Written by: Lexie VanAntwerp, Manager of Member Services
Many former little girls can say the same, but I discovered my passion for golf at a very young age thanks to my dad. My life and golf have been entangled ever since, and I imagine my two-year-old son, Bridger, will get a similar introduction soon — just from some combination of “Papa” and Mom.
Standing hip-high to my father, I took my first swings when I was just five years old and began playing three-hole tournaments soon after. At 15, I took my first job in the golf industry at BanBury Golf Course in Eagle, Idaho, working for the widely acclaimed teaching professional Jerry Breaux. As my first coach and mentor, Mr. Breaux opened my eyes to the idea that a life in golf was waiting for me.
My junior days were defined by a merging of passion and identity. I became as much a golfer as I was blond or a woman. And the relationships I’d built on the golf course quickly became the most valuable relationships in my life, ranging from family and friends to professional mentors. In a high school golf tournament during my freshman year at Capital High School, I met my best friend Gabrielle, a relationship that continues to enrich my life off the course as we begin our adventure with motherhood at the same time.
As long as my putter behaved, golf was always a place that felt like home, which made the decision to play college golf seem easy and I arrived at Weber State University ready for the next chapter.
My college experience was full of all the things you hear about from college athletes — team comradery and school pride, friendships and new experiences. I wouldn’t trade the community I built in Ogden, Utah, for the world. But as rewarding as that journey was, it was also quite intense — full of travel, classes, practice, competition, injury, recovery, a social life and learning how to live on my own for the very first time. Golf, at times, started to feel like a lot less fun. It became a less reliable source of joy.
Coming from a small pond like Idaho, I struggled with the feeling that I’d become a much smaller fish. I was surrounded by perfect golf swings when I showed up on the range. I watched players shoot scores I’d only dreamed of posting. Within my own team, I found myself stuck as the sixth woman in a five-player lineup, traveling to play as an individual the vast majority of the time. Just as my competition asked for more out of my game, my game seemed harder to find. I felt inadequate, almost helpless. Then a hip injury that required surgery hampered my ability to play even more. Then my coach, “Smitty”, who recruited me to play for him passed suddenly from cancer. For the first time in my life, golf didn’t make me feel like I mattered.

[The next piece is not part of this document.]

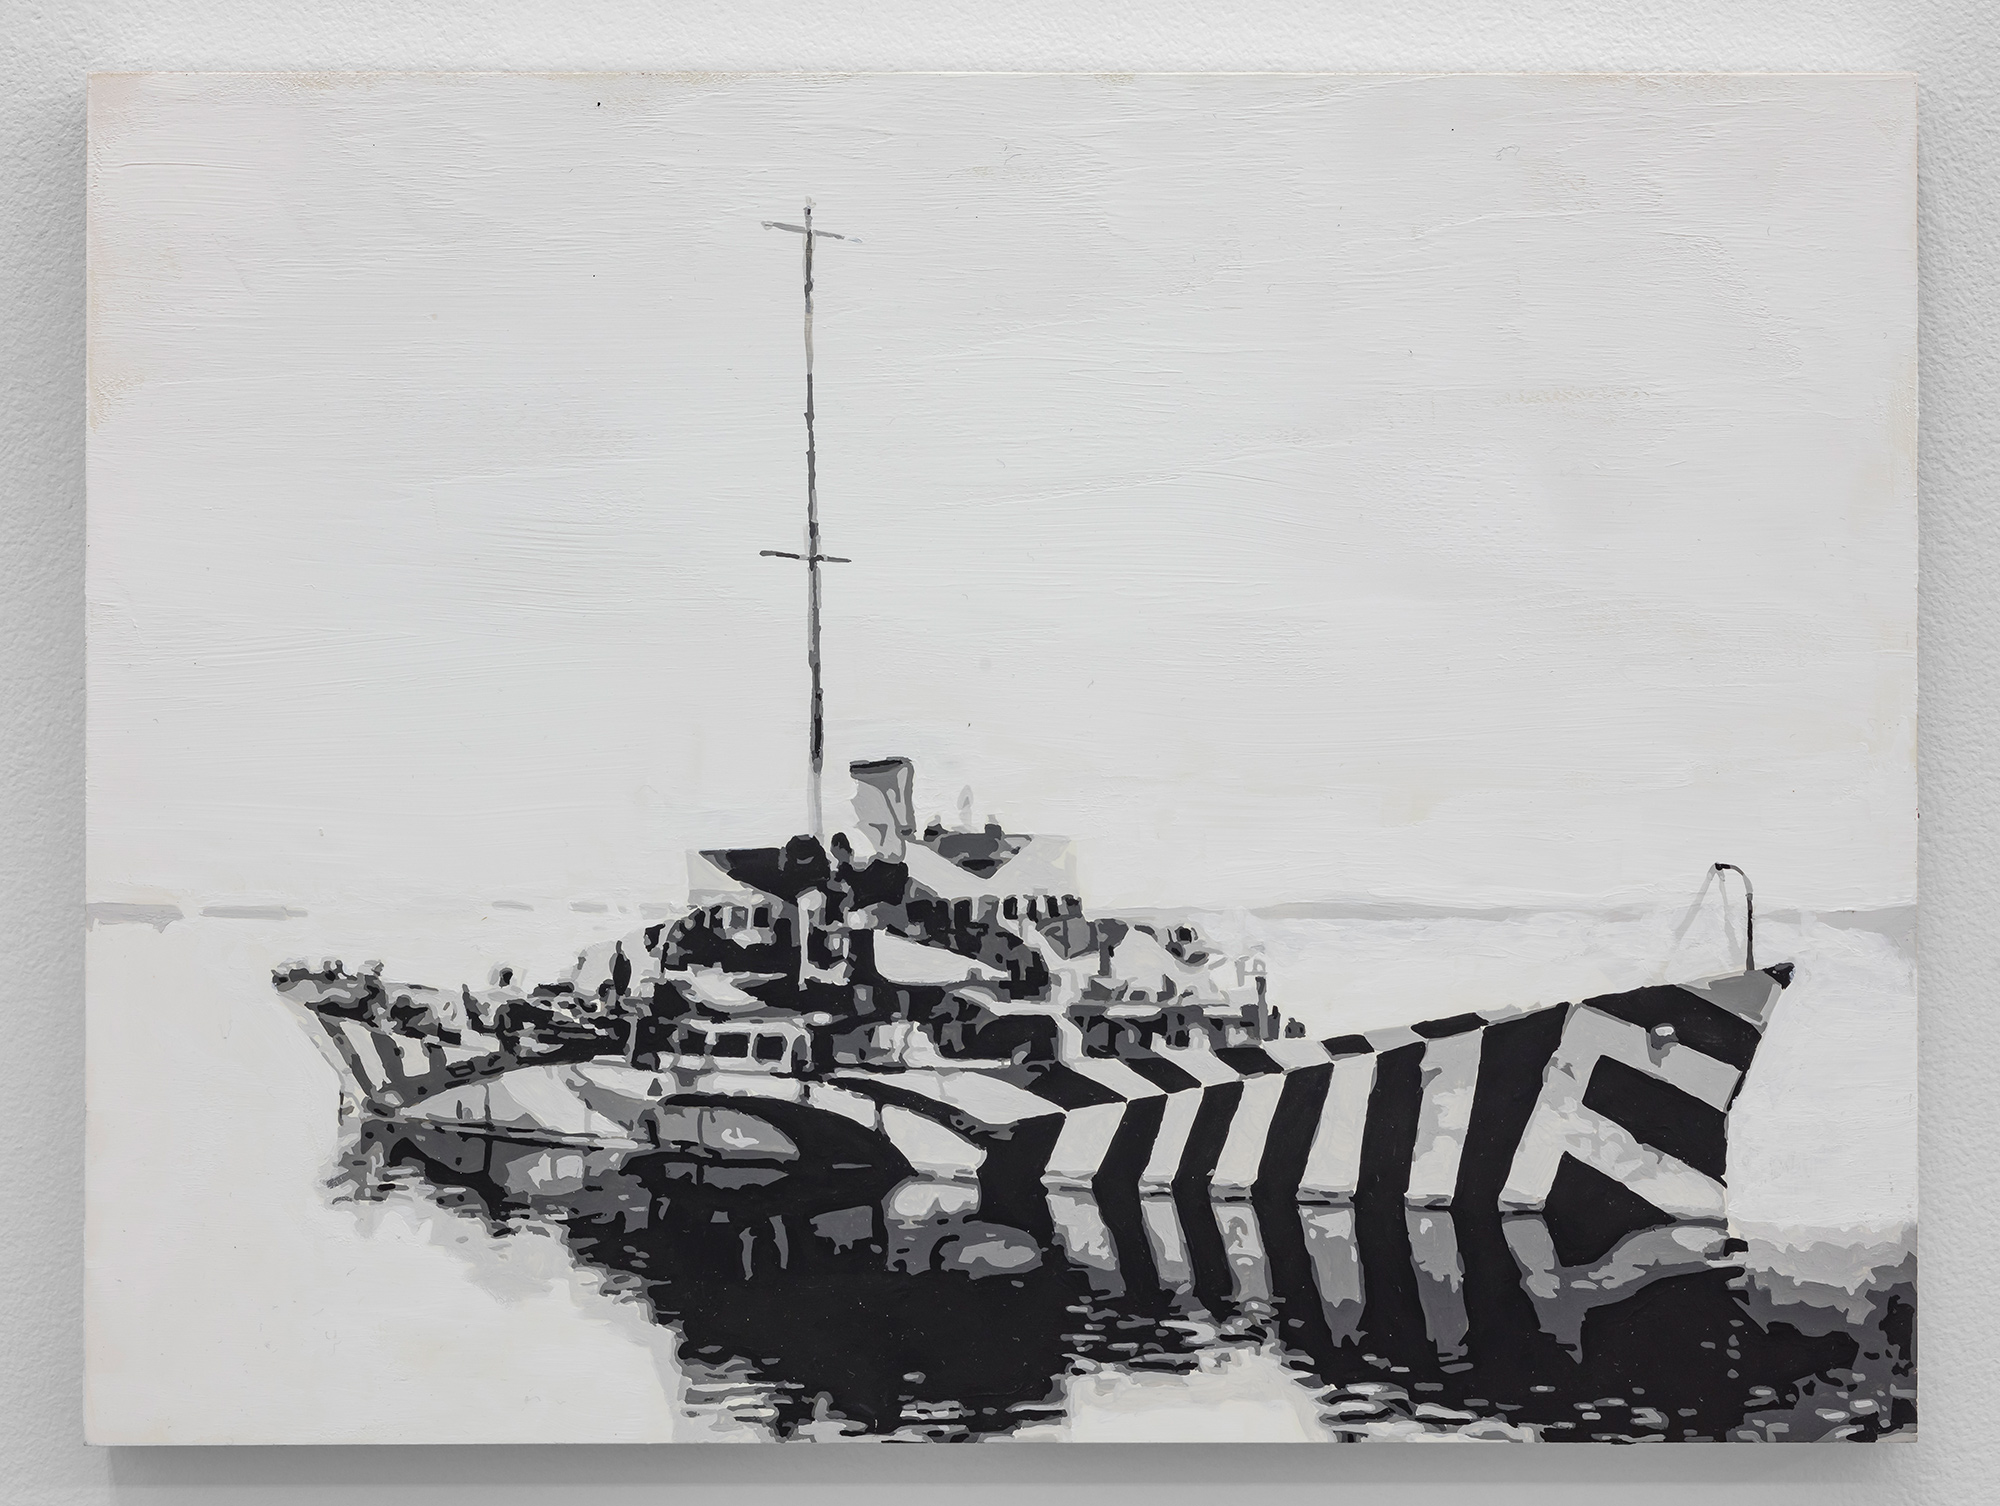  Dorian FitzGerald,  HMS Kilbride, Milford Haven, 13 January, 1919  , 2019 holbein acryla gouache on board, 9 x 12 inches

My main reprieve over that time was during the summers when I would teach junior clinics in the time I wasn’t practicing out at Falcon Crest Golf Club in Boise. That familiar happiness I felt around the game when I was teaching encouraged me to turn professional, and I continued teaching juniors after college until I landed a dream gig as an assistant pro at Bandon Dunes Golf Resort. If you’ve never been, it’s often described as “Disneyland for adults” and that’s what if feels like to work there, too. I had to pinch myself reporting to work every day and felt my love for the game return, focused on the natural beauty of the courses us golfers get to play. Golf had evolved, yet again, from a chore into a privilege.
But when you attach your love of the game — and at times your sense of self — to something that depends on the forecast, it’s never as fulfilling as it should be. At Bandon Dunes, you are, for all intents and purposes, stranded out on a cliff edge. For weeks at a time that feels like bliss. But I found myself missing my family and friends back home; all the loved ones who had let my roots in golf run deep.
Before I left Bandon in 2018, I married my husband, Jace, and the prospect of starting a family motivated me to leave even more. In doing so, I left the golf industry for something more stable, predictable and “normal.” But in even less time than it took me to return to the golf industry, I found myself pregnant with Bridger after signing up to work for the IGA.
When Bridger arrived, I found myself disconnected from the game in a whole new way. My work life was consumed by golf, but I didn’t have a strong sense of where it belonged in my personal life. Recovering from an unplanned C-Section left me feeling estranged from my body, let alone a solid golf swing. My identity as a golfer felt uncertain in ways it never had.
But just seven weeks after he was born, Bridger brought me back to the golf course. With my baby boy in one stroller and my clubs on another, we ventured out to Pierce Park Greens in Boise for our first walk as a mother and son. We’ve enjoyed many more since, and two years later my game is better than it’s ever been, giving me an essential physical, mental and emotional outlet that helps me be the best mother I can be.
Of course, Bridger won’t remember that moment in the Spring of 2022, but it’s the day I re-discovered what this game means to me and the people I share my life with. Through college and my professional life, I realized how easy it is to let this game make you feel small — to make you feel like you don’t matter. But every time I look at Bridger, I know that can’t possibly be true.